Processing begins as the aggregate is hauled from onsite storage piles and is placed in the appropriate hoppers of the cold feed unit. The material is metered from the hoppers onto a conveyer belt and is transported into a rotary dryer (typically gas- or oil-fired). As the hot aggregate leaves the dryer, it drops into a bucket elevator, is transferred to a set of vibrating screens, then separated into as many as four different grades (sizes), and dropped into “hot” bins according to size. At newer facilities, RAP may be transferred to a separate heated storage bin. At the same time, liquid asphalt cement is pumped from a heated storage tank to an asphalt bucket, where it is weighed to achieve the desired aggregate-to-asphalt cement ratio in the final mix. To control the aggregate size distribution in the final batch mix, the operator transfers material from various hot bins (and RAP bins, if used) to a weigh hopper until the desired mix and weight are obtained. The aggregate from the weigh hopper is dropped into the mixer (pug mill) and dry-mixed for 6 to 10 seconds. The liquid asphalt is then dropped into the pug mill where it is mixed for an additional period of time. At older plants, RAP typically is conveyed directly to the pug mill from a storage hopper and combined with the hot aggregate. Total mixing time usually is less than 60 seconds. Then, the hot mix is conveyed to a hot storage silo or is dropped directly into a truck and hauled to the job site.

Drum Mix Plant

This process is a continuous mixing type process. The major difference between this process and the batch process is that the dryer is used not only to dry the material but also to mix the heated and dried aggregates with the liquid asphalt cement. In a parallel flow drum mixer, the aggregate is introduced to the drum at the burner end. As the drum rotates, the aggregate, as well as the combustion products from the burner, move toward the other end of the drum in parallel. Liquid asphalt cement is introduced in the mixing zone midway down the drum in a lower temperature zone, along with any RAP and PM from collectors. In a counterflow drum mixer, the material flow in the drum is opposite or counterflow to the direction of exhaust gases. In addition, the liquid asphalt cement mixing zone is located behind the burner flame zone so as to remove the materials from direct contact with hot exhaust gases. After mixing, the mixture is discharged at the end of the drum and is conveyed to either a surge bin or HMA storage silos

In a parallel flow mixer, the exhaust gases also exit the end of the drum and pass on to the collection system. Parallel flow drum mixers have an advantage, in that mixing in the discharge end of the drum captures a substantial portion of the aggregate dust, therefore lowering the load on the downstream PM collection equipment. For this reason, most parallel flow drum mixers are followed only by primary collection equipment (usually a baghouse or venturi scrubber). However, because the mixing of aggregate and liquid asphalt cement occurs in the hot combustion product flow, organic emissions (gaseous and liquid aerosol) may be greater than in other processes.

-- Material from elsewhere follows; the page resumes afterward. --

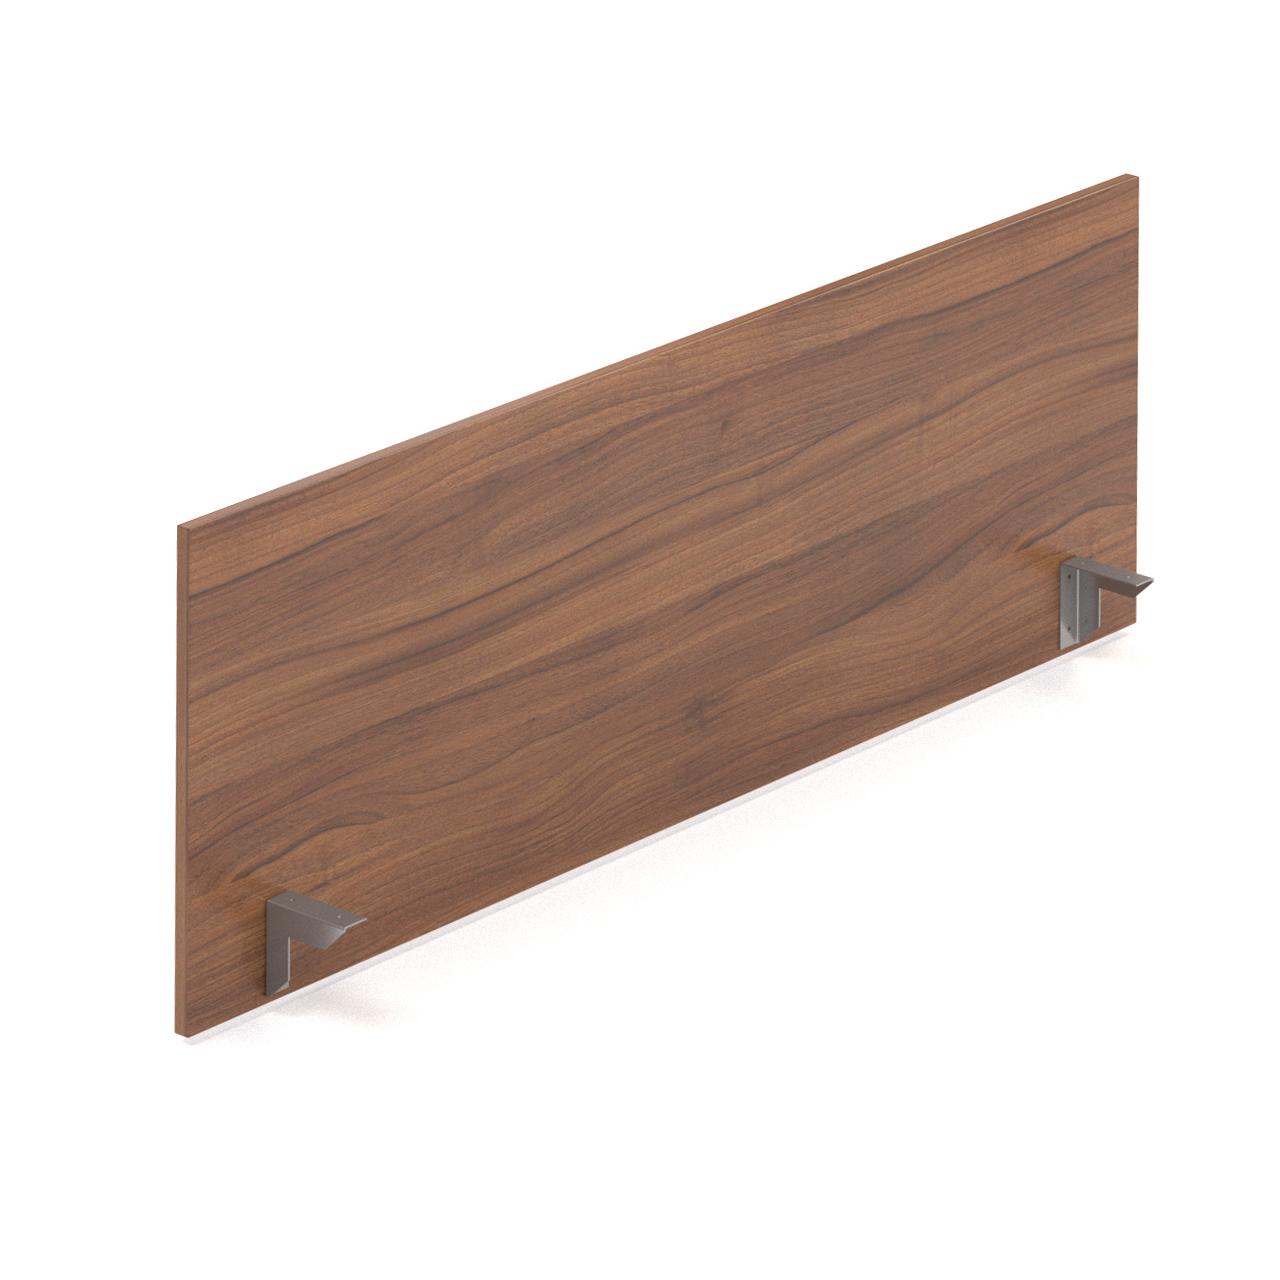 Deliaci panel Komfort 140x49 cm - PD14 19
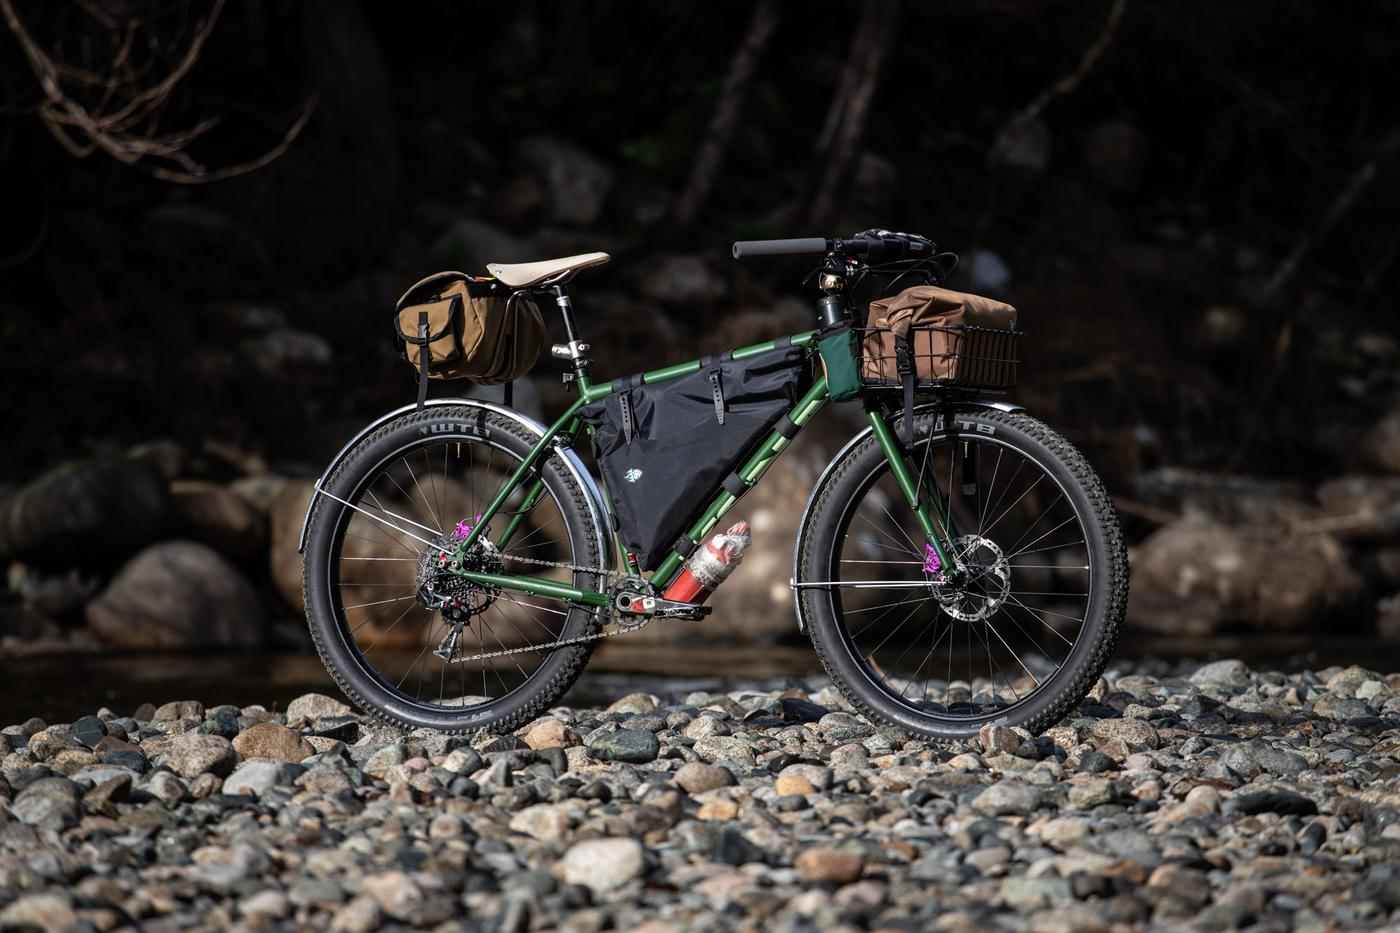 Morgan's Kona Unit Basketpacker:The Bike I Almost Sold

Counterflow drum mix plants likely will have organic stack emissions (gaseous and liquid aerosol) that are lower than parallel flow drum mix plants because the liquid asphalt cement, virgin aggregate, and RAP are mixed in a zone removed from the exhaust gas stream. A counterflow drum mix plant normally can process RAP at ratios up to 50 percent with little or no observed effect upon emissions.